Cloudflare Queues allow you to offload non-critical tasks to run in the background. Instead of making your user wait, you can immediately return a “success” message while a background process handles the heavy lifting.
Here’s how you can use it to improve the posting experience:
- A user hits “post” in your app.
- The primary Cloudflare Worker validates the input and immediately returns a positive response to the user, making the UI feel instant.
- Simultaneously, this Worker sends a message containing the post data to a Cloudflare Queue.
- A separate background Worker listens to this queue, picks up the message, and performs the slower task of creating the record and publishing it to the PDS.
This asynchronous pattern ensures a fast, responsive frontend while guaranteeing that the background tasks are completed reliably.
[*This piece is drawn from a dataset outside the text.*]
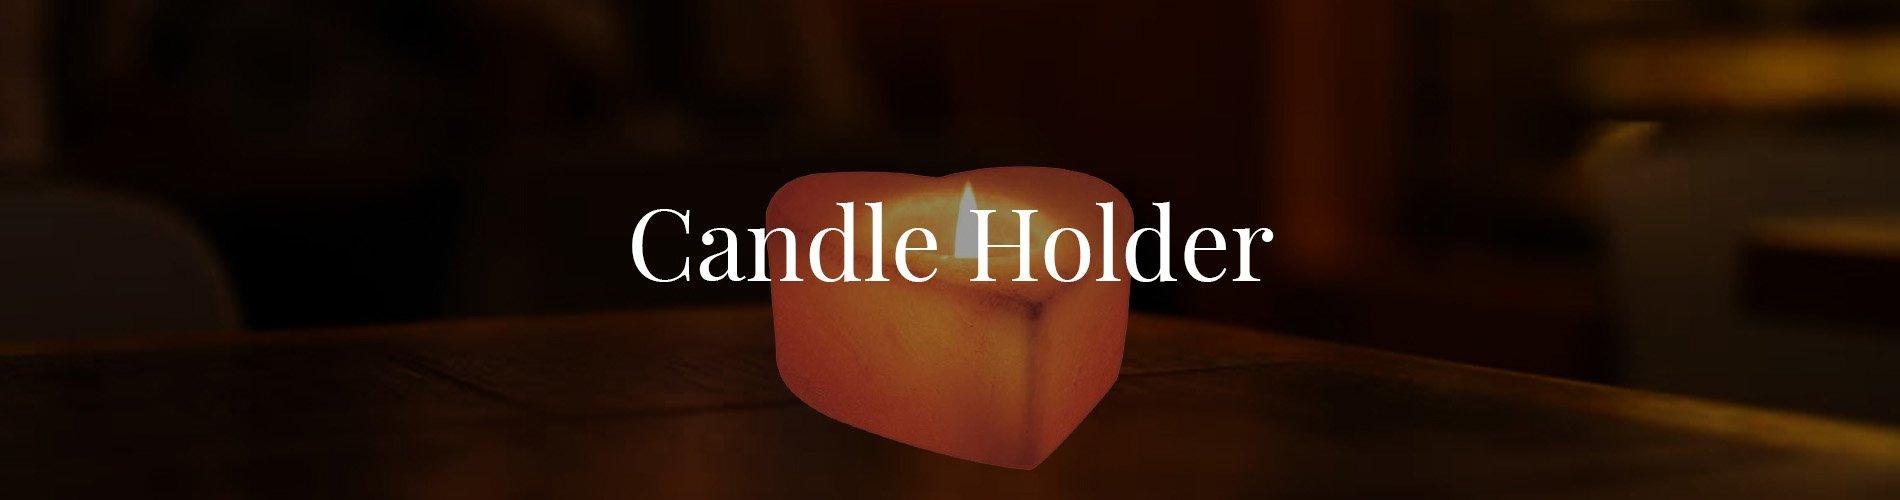 Candle Holder Lamp background
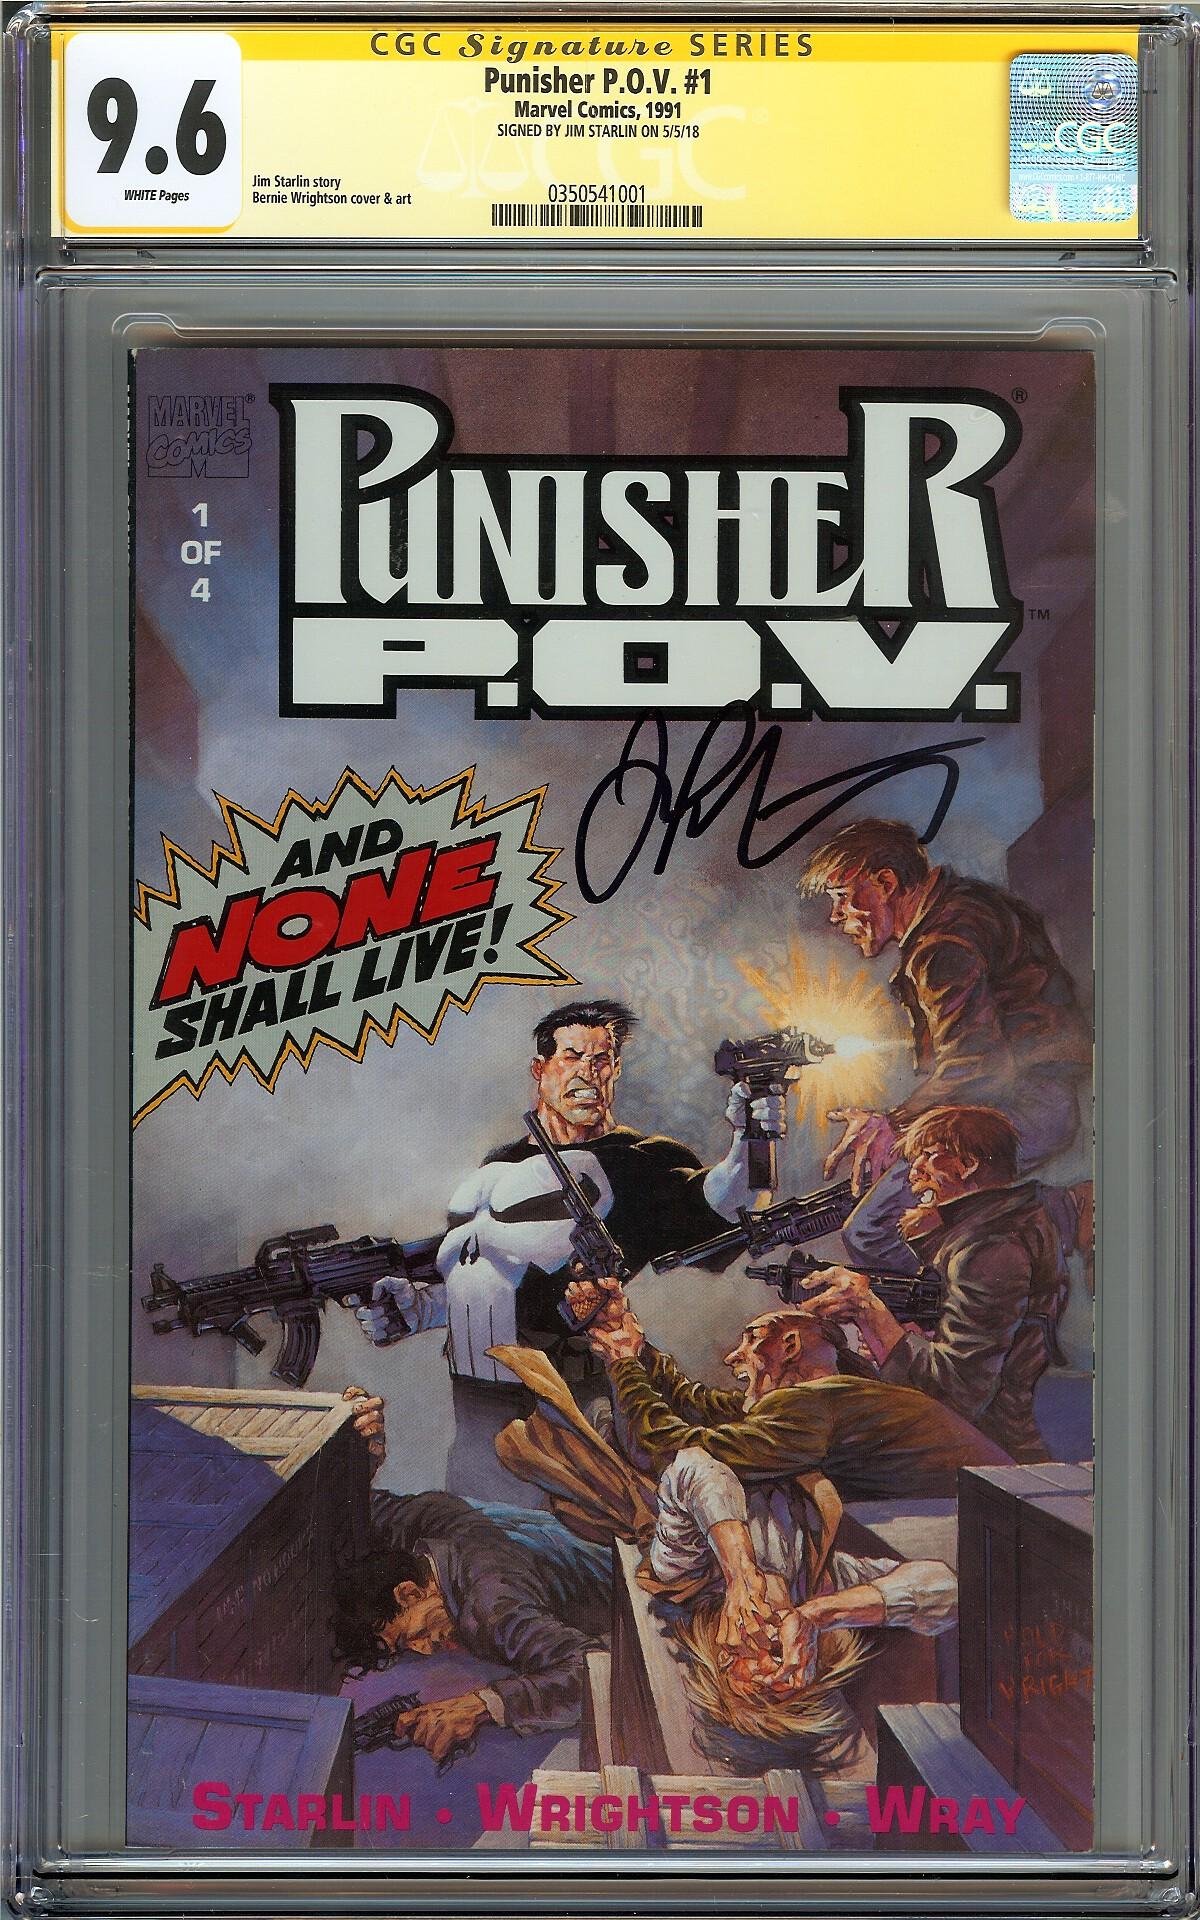 # 3 PUNISHER: P.O.V 1991-9.6 COMIC

The Modern Stack for Decentralized Development
Building on the AT Protocol is more accessible than ever with the right tools. A lightweight web framework like Hono, designed specifically for edge environments like Cloudflare Workers, can further streamline your API development.
By combining the decentralized promise of the AT Protocol with the scalable, performant, and easy-to-manage serverless tools from Cloudflare, developers can move quickly to build the next generation of social applications. This powerful stack removes the barriers of traditional infrastructure, allowing you to focus on creating innovative and valuable experiences for users in a new, open social web.